The world of Web based Office software application is growing fast. I have already used Num Sum and Jotspot Tracker to manage
simple expenses. There is Writely for word processing and upcoming for organizing your schedule. Yahoo has already thrown their hat in
by purchasing upcoming and now Google follows by purchasing Writely.Looks like the consolidation will continue. I guess that way you need to go only to a few sites to manage everything!
Subversion has been steadily gaining popularity over the last couple of years. It was introduced in
mid 2001 as the ("better") alternative to CVS.I began using it today and am fairly impressed with its feature.


  • Directory versioning - Versioning directory trees as opposed to just files (as in CVS)

  • True version history - includes tracking file rename, copying

  • Atomic Commits - appears to be the most popular. Roll backs entire commit if any section in the logical chunk fails the commit.

  • Versioned metadata - You can create your own property key value pair. e.g. list of authors of sub section in the file.

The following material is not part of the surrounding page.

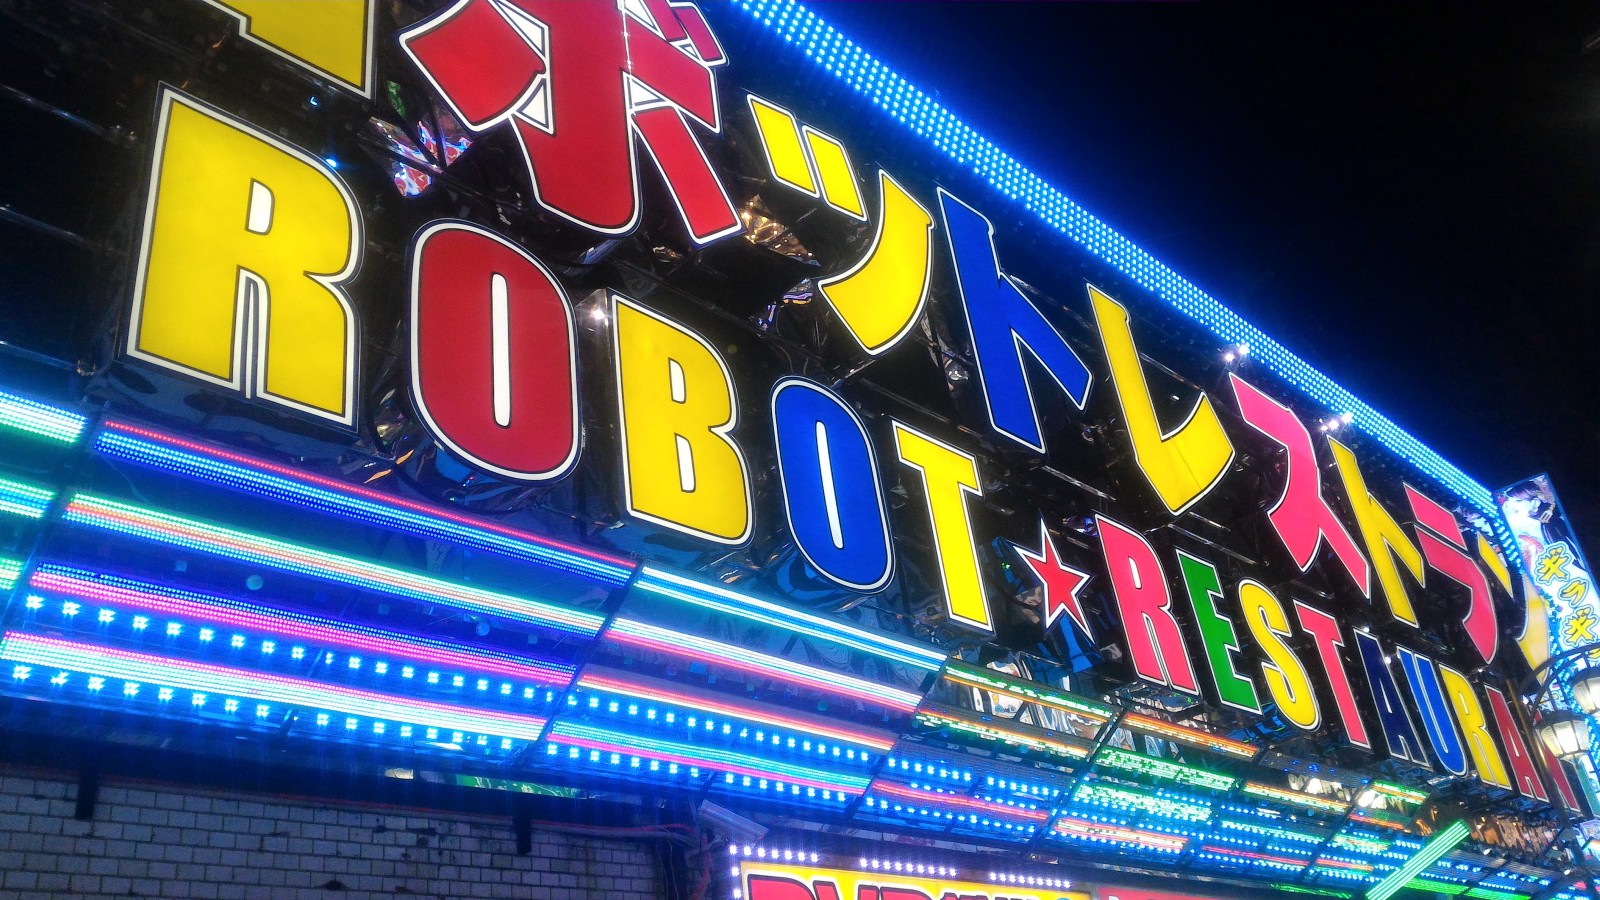 krone Elektriker hjørne Robot Restaurant Shinjuku Tokyo : Get up to 34% Discount Tickets! - Japan  Web Magazine

ChapterfooAuthor=foo, ChapterBarAuthor=bar...etc

  • Choice of network layers - Offers a wider option of network access layer. Pluggable into Apache HTTP Server and accessible over SSH Tunnel. This is interesting because users can now create Web Application to update the repository as opposed to just view available with web cvs



The documentation bundled with the install is an excellent guide.
Microsoft Corp. on Thursday unveiled its 'Origami' project, a paperback-book sized portable computer, which is a hybrid between a laptop PC and a host of mobile devices that the world's biggest software maker hopes will create an entirely new market.

Wednesday, March 08, 2006

So everyone is familiar with the popular Amazon feature of recommendation. You search for a book and the result
include recommendation for purchasing other books based on what previous buyers of the same book did during their purchase. EasyUtil is a service engine that generates recommendations based on the data a client site provides to the engine.You can hook up your application to their web service interface
using their access key provided during sign up.

And now similicio.us is integrating the EasyUtil capability with del.icio.us to search for similar bookmarks within the site.
If you are using Open Office and would like to incorporate their charting
tools, there is a neat guide for you by Solveig Haugland.

Finding hidden treasures in OpenOffice 2.0's Charting Wizard

I have never used Charts in MS Word. Does it have this feature ?
Nuclear engineer Rusi Taleyarkhan's work has been controversial since he
published a study in 2002 claiming to have achieved the Holy Grail of
energy production -- nuclear fusion at room temperature.


Nuclear fusion is the process that powers the sun.

If scientists can duplicate the results and harness the technology,
tabletop fusion has the potential to provide an almost limitless source of
cheap energy.
Energy groups Statoil and Shell plan the world's biggest scheme to bury industrial gases beneath the seabed in a $1.2-$1.5 billion project off Norway to raise oil output and curb global warming, the firms said on Wednesday.

Tuesday, March 07, 2006

Verizon Wireless on Tuesday announced an agreement that will allow TiVo subscribers to remotely schedule television recording using a Verizon mobile phone.The service, called TiVo Mobile, will debut later this year, and pricing will be announced at that time.